#### The data
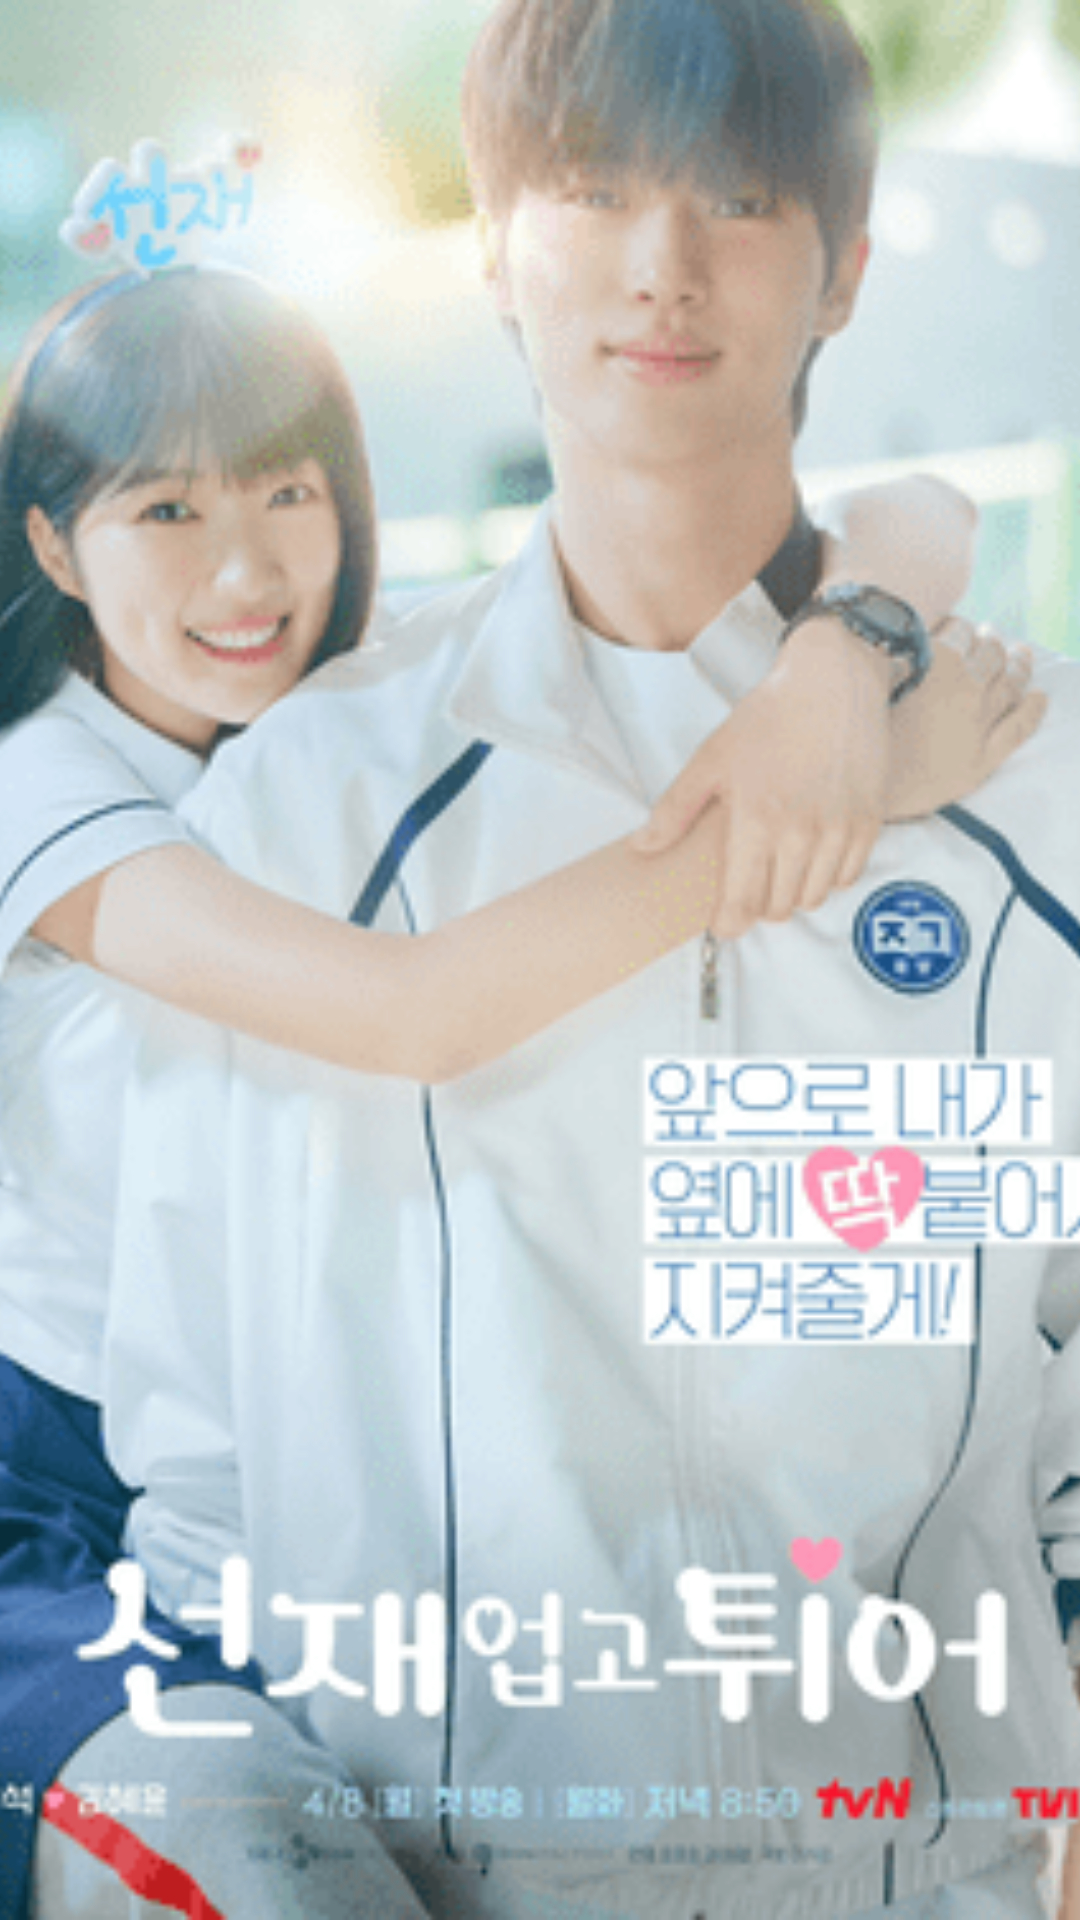 5 Must-watch K-dramas similar to Lovely Runner
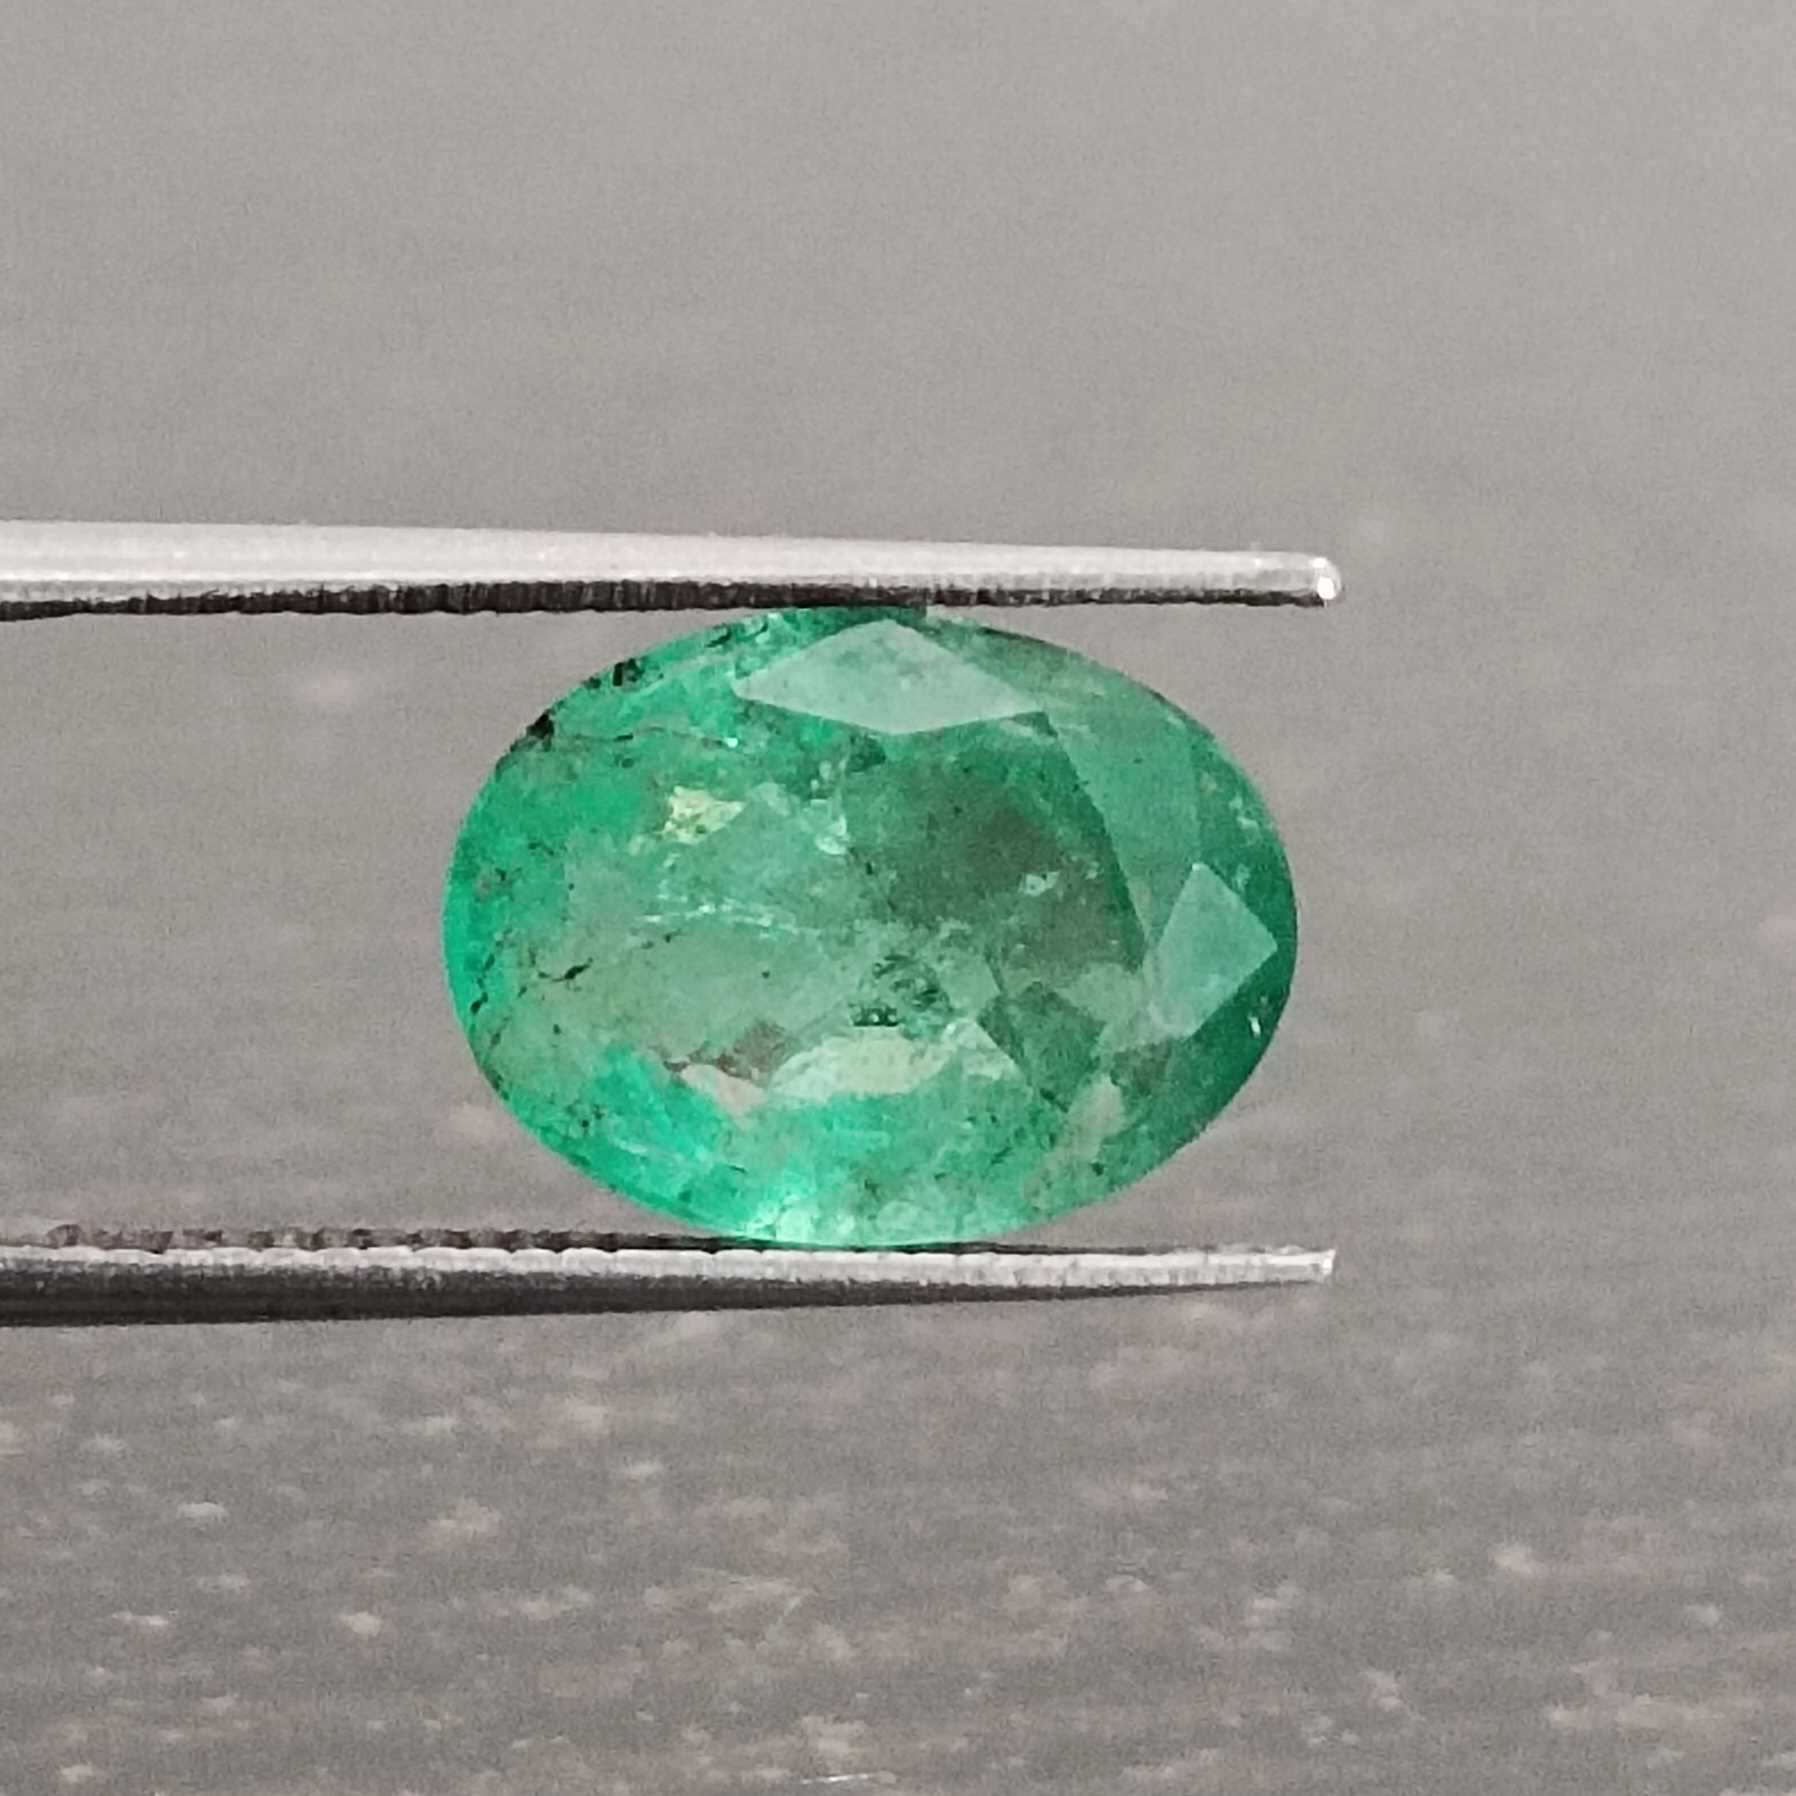 2.78ct vivid green oval cut Colombian emerald/
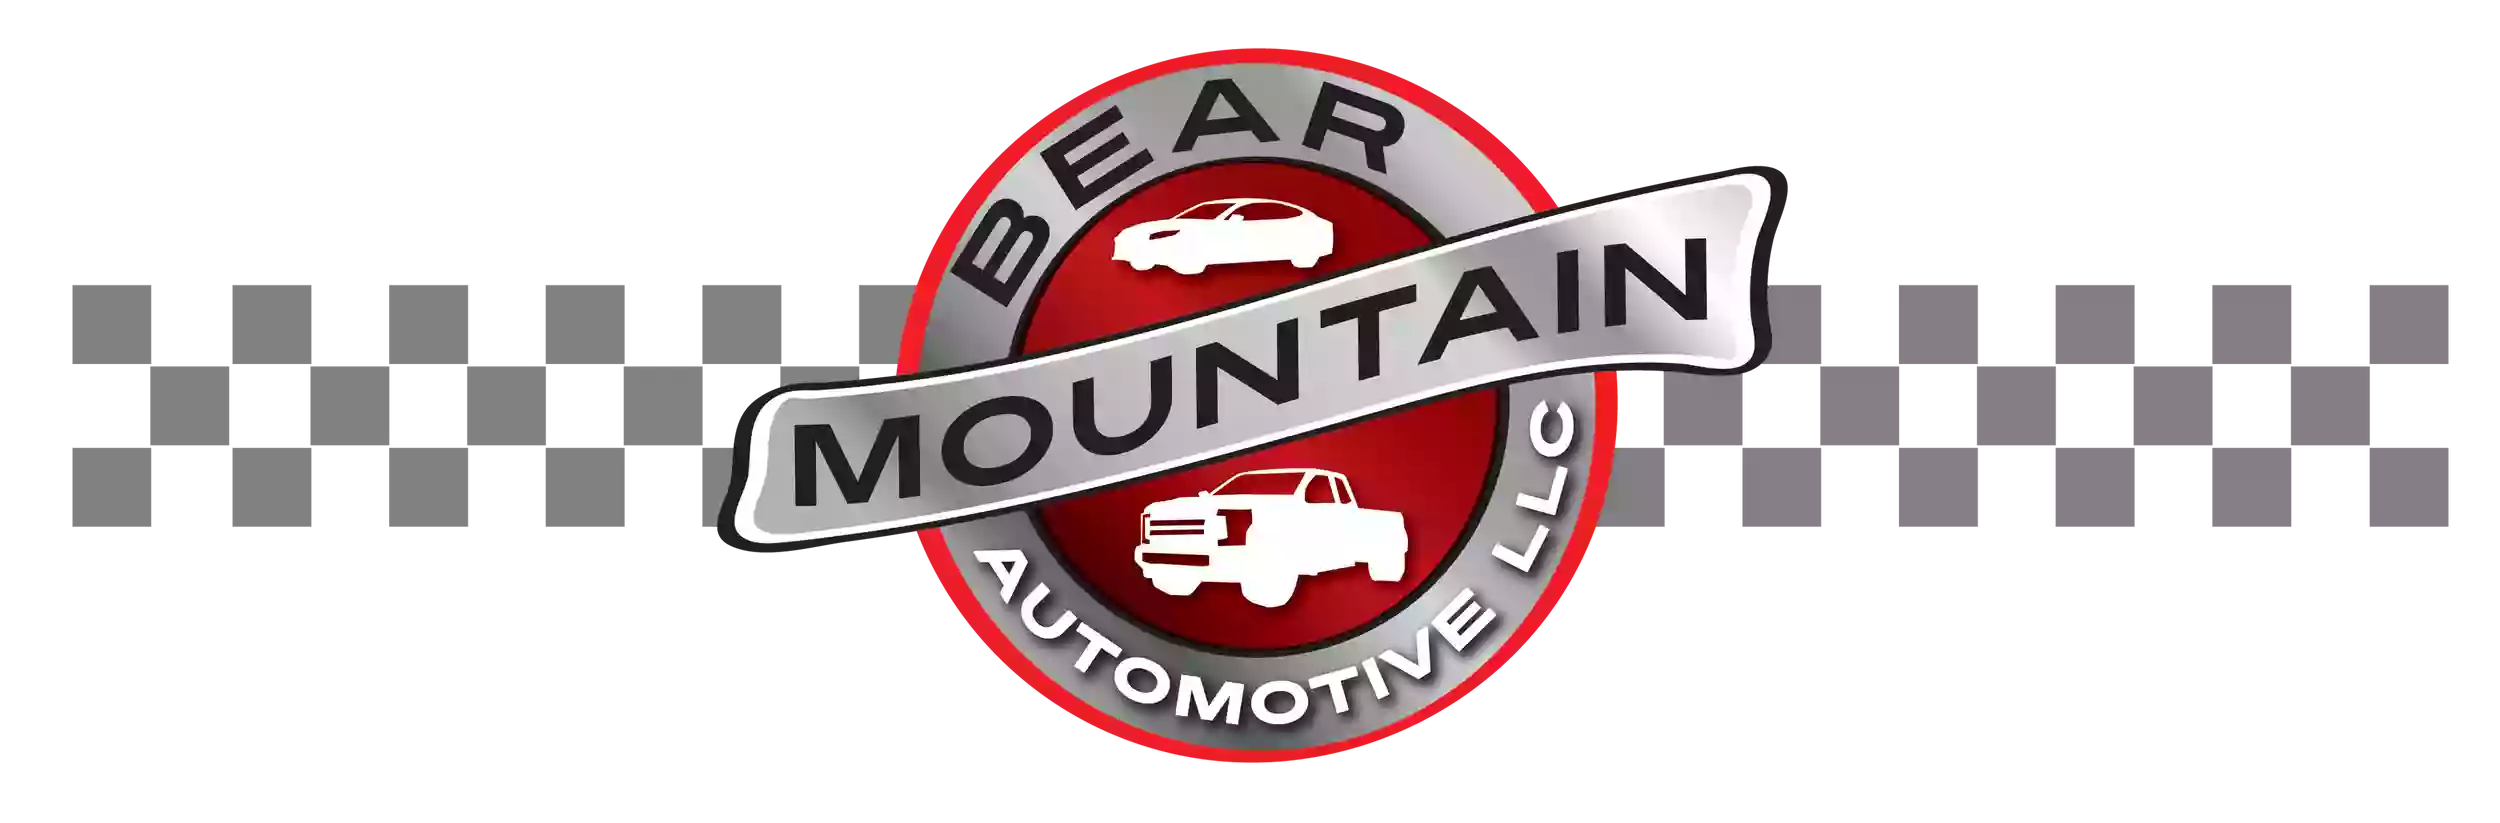 Bear Mountain Automotive LLC
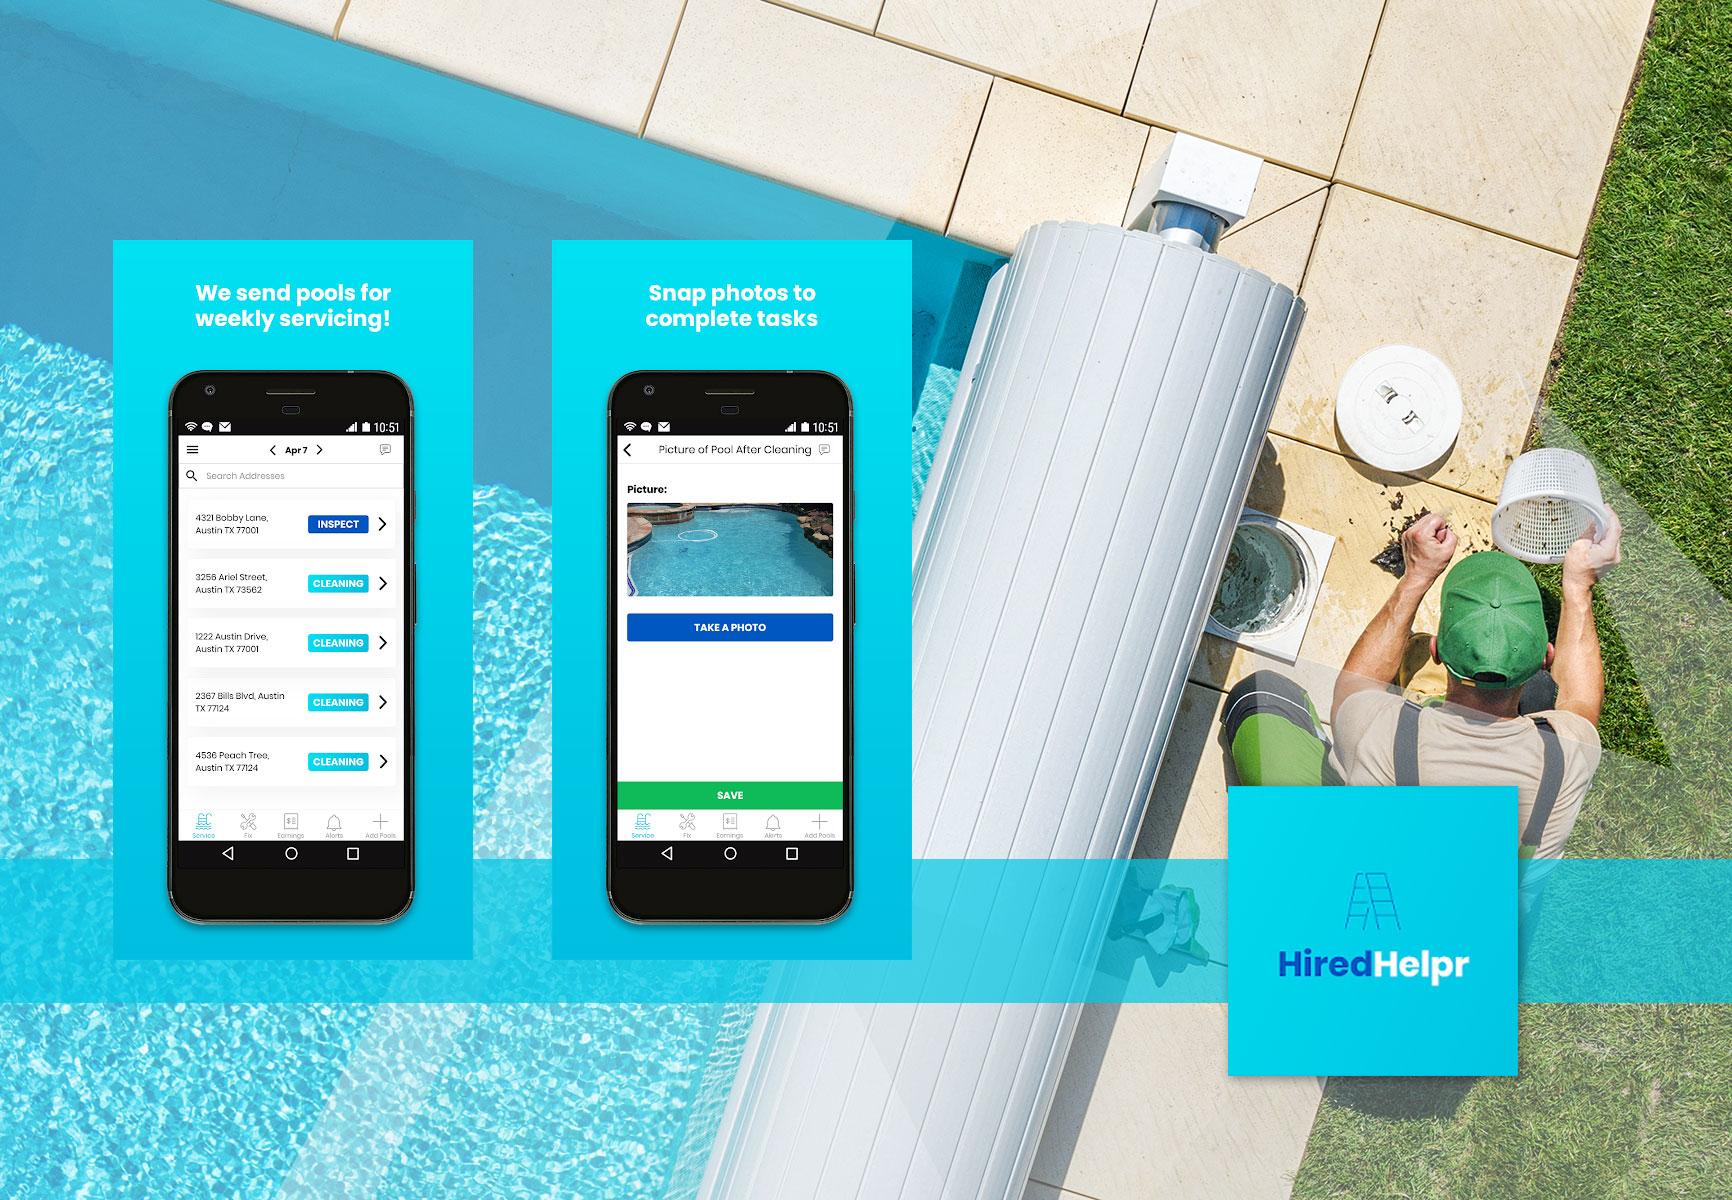 We send pools for weekly servicing! - HiredHelpr - Mobile mockups for Hiredhelpr app.

#### Task objective
Transcribe the full listing above exactly as it stands, minus the pictures.

#### Solution
 5 Must-watch K-dramas similar to Lovely Runner
 2.78ct vivid green oval cut Colombian emerald/
 Bear Mountain Automotive LLC
 We send pools for weekly servicing! - HiredHelpr - Mobile mockups for Hiredhelpr app.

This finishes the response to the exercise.